I knew when we started building our family that I needed to prepare for a lifetime of visibility and curiosity. I just didn't know that after 2+ years I would still get nervous when people start with "so...your son's adopted?" and I don't know where they're going with it. Some people have perfectly innocent questions and are sincerely interested in adoption. Others are just curious and feel they have the right to ask very personal questions about our family or make statements about race or adoption that are simply inappropriate. Still others are just looking for a launching pad to air their opinions.

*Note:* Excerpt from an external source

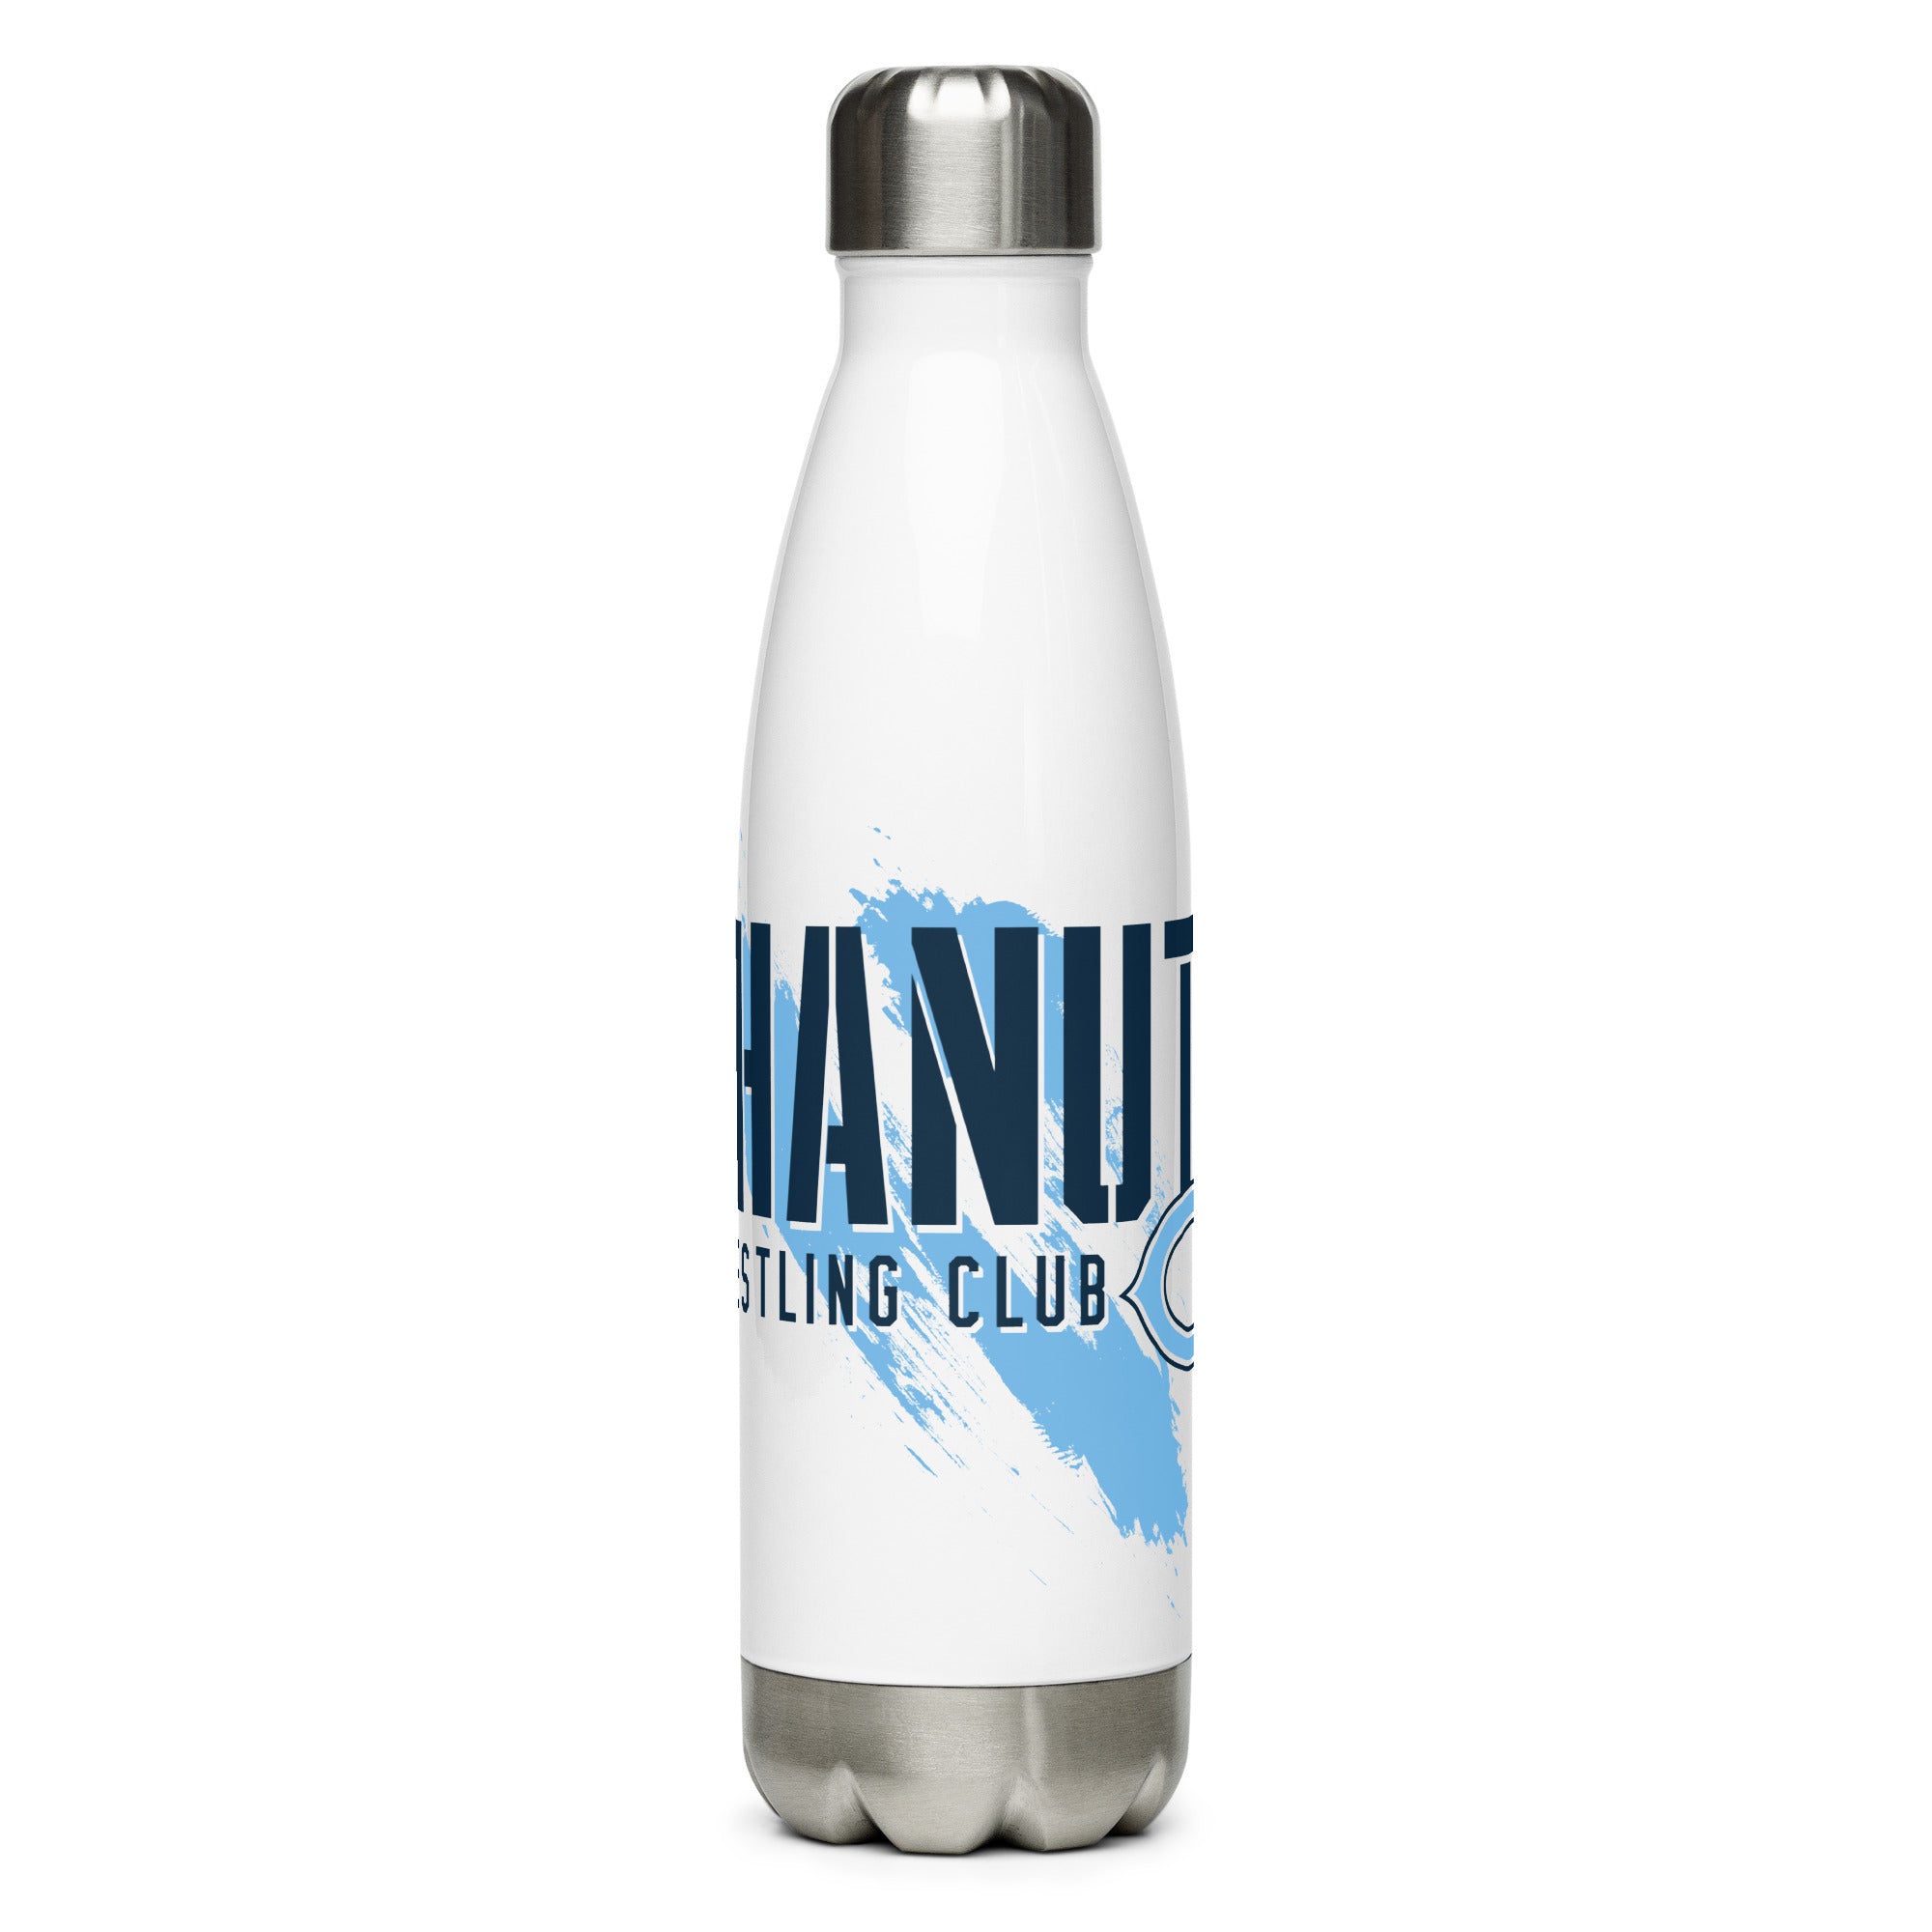 Chanute Wrestling Club Stainless Steel Water Bottle

I appreciate those of you who I know in real life, who have come here to get a glimpse of my parenting experience, and I don't want to scare you out of my life. At the same time, I honestly don't see a little second guessing or careful thinking as a bad thing. I just read a piece about the difficulty of Aboriginal-European Australian relations and the advice to the immigrant was "speak carefully, ask questions thoughtfully, and above all else, listen." Racism IS all around us, whether I'm on hyper alert or in oblivious mode. I am paying attention to the "pings" on my radar because whether I regard them and formulate a response, or choose to stay silent, I am dialing into the world that my son will experience. He can do it with our help, or we can set him to do it alone. One day he'll have to take the world and its injustice on by himself, but not today.




1- "choosing to minimize or disregard a person's color is part of white privilege.": A person saying they don't "notice" color does not mean they are minimizing or disregarding their race. It may simply mean it is not foremost in their impression or their opinion of that person.

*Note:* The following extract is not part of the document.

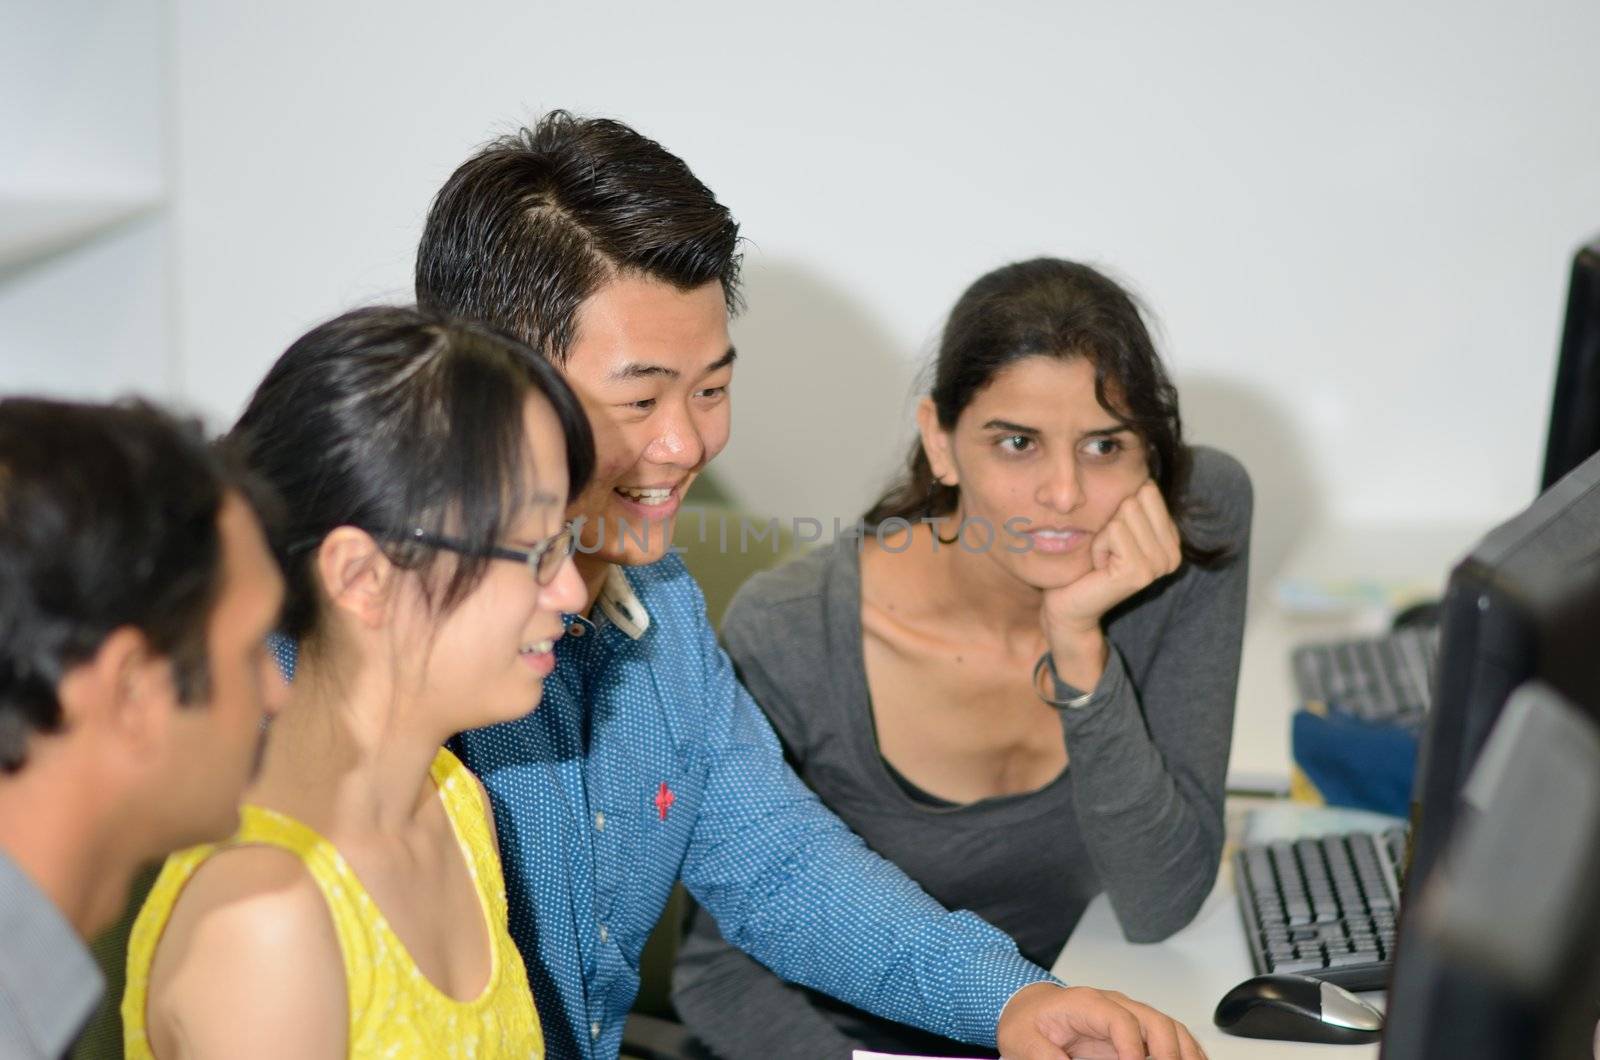 The computing team by ianmck

2- "Ambivalence about race is the luxury of a person who does not experience discrimination based on their race": Ambivalence about race is not a bad thing. These people mean it in a way such as they have no preference for one over the other. They are not all discounting the race of a person as in the culture and heritage of their ethnicity that makes up who they are. They are simply saying they don't think of them as being different as a person. There is nothing more to it than that. They are saying that they see a person, a human being, who may have a different color of skin, but is living in the same country, in the same world, as anyone else; white, black, tan or whatever. Skin color is not the total of who they are. Not the total. Not "noticing" skin tone does not equal parents not noticing who they are as a person, ethnicity included.
As much as you have stereotyped people who are not in your position and may misspeak things (according to you), I think you are just as guilty of jumping to conclusions and only looking at the way you see things as anyone on any side of this difference.